Среди военачальников Великой Отечественной - Жукова, Рокоссовского, Конева и других - не было генерал-лейтенанта Д.В. Давыдова. Что называется, "в списках не значится". И тем не менее он - был! Ибо за ним был не только клич: "Отступать больше некуда. Позади Москва!" - за ним была сама История!
Он участвовал в Отечественной, но за 100 с лишним лет до нашего флага над рейхстагом. В той первой Отечественной 1812 года! И без его побед - корнета, поручика, штабс-ротмистра, полковника, генерал-майора, а затем и генерал-лейтенанта Дениса Давыдова, прославленного партизана и великого поэта, думается, не было бы и побед Красной армии.
"Alea jacta est" - жребий был брошен. Любимые лошади Дениса, в седлах которых он сидел с пяти лет, с которыми провел больше дней, чем с дорогими ему женщинами, с женой, детьми и друзьями, - любимые лошади на этот раз его не спасли. Он, якобинец и фрондер, франт и повеса, забияка и бретер, умрет отрезанным, запертым от мира, окруженным в глухом селе не французами, шведами или турками - паводком, непролазной грязью, непроезжими дорогами, непересекаемыми реками, всеми теми "не", которые легко преодолевал и в России, и на Кавказе, и в покоренной Наполеоном Европе.
55 лет. Инсульт. Видимо, можно было спасти. Но жена Давыдова, мать его сыновей, поскупилась гнать лошадей 25 верст в распутицу за врачом.
Впрочем, он, чьим девизом была фраза Вольтера "Моя жизнь - сражение", и после смерти ухитрится выиграть свой последний бой. Постоять за Багратиона. За своего командира, генерала, героя 1812 года.
Эта мистическая развязка ждет нас впереди.
А пока он еще только рвется на войну.
Осенним утром 1806 года столица заполнилась слухами: то ли какой-то поручик-гусар застрелил фельдмаршала графа Каменского, то ли Каменский, только что назначенный командовать армией, напротив, пристрелил какого-то молодого человека в темном коридоре. Из уха в ухо передавали: поручику 22 года, он был исключен из кавалергардов за стихи (одна из басен была написана на несправедливую опалу Суворова), был сослан в провинцию, потом, по милости государя, вернулся в Петербург, вновь был взят в гвардию и... надо же, опять попал в историю...
Слухи были и правдой, и - неправдой. Поручику и впрямь было 22, и он - точно! - был известен как поэт, написавший несколько безумных стихов, в том числе - и в адрес царя. Но все остальное...

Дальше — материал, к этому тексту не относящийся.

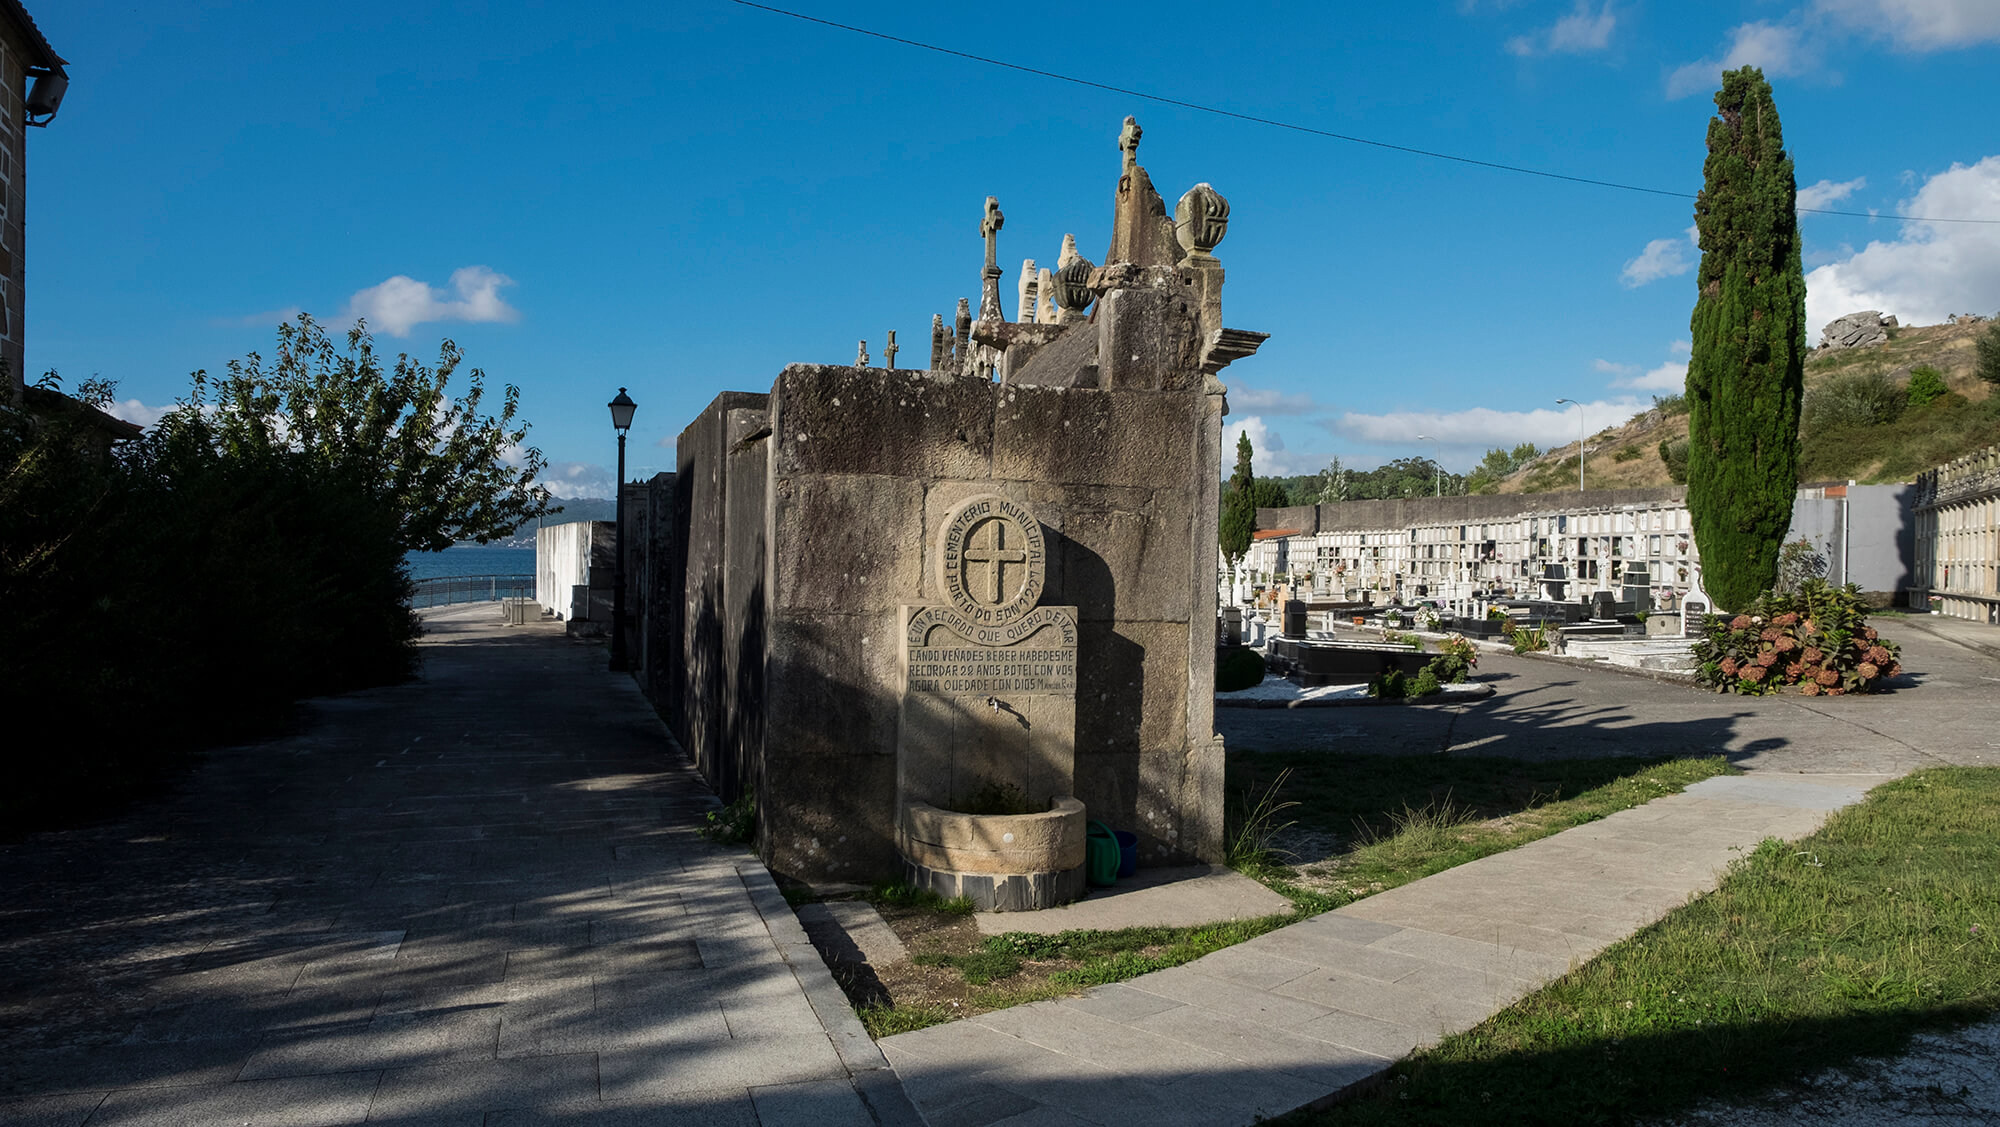 Ría de Muros y Noia. Porto do Son. Cementerio

Из воспоминаний Д. Давыдова
"Отчаяние решило меня: 16-го ноября, в четвертом часу пополуночи, я надел мундир, сел в дрожки и приехал прямо к фельдмаршалу... Все спало на дворе и в гостинице. Нумер 9-й, к коему вела крутая, тесная и едва освещенная лестница, находился в третьем этаже. У входа... маленький коридор, в коем теплился фонарь... Я завернулся в шинель и прислонился к стене в ожидании... Слышу, отворяется дверь, и маленький старичок, свежий и бодрый, является... в халате, с повязанною белой тряпицею головою и с незажженным в руке огарком. Это был фельдмаршал...
"Кто вы таковы?" - спросил он... "Что вам надо?" Я объявил желание мое служить на войне. Он вспыхнул, начал ходить скорыми шагами... и почти в исступлении говорить: "Да что это за мученье! Всякий молокосос лезет проситься в армию!"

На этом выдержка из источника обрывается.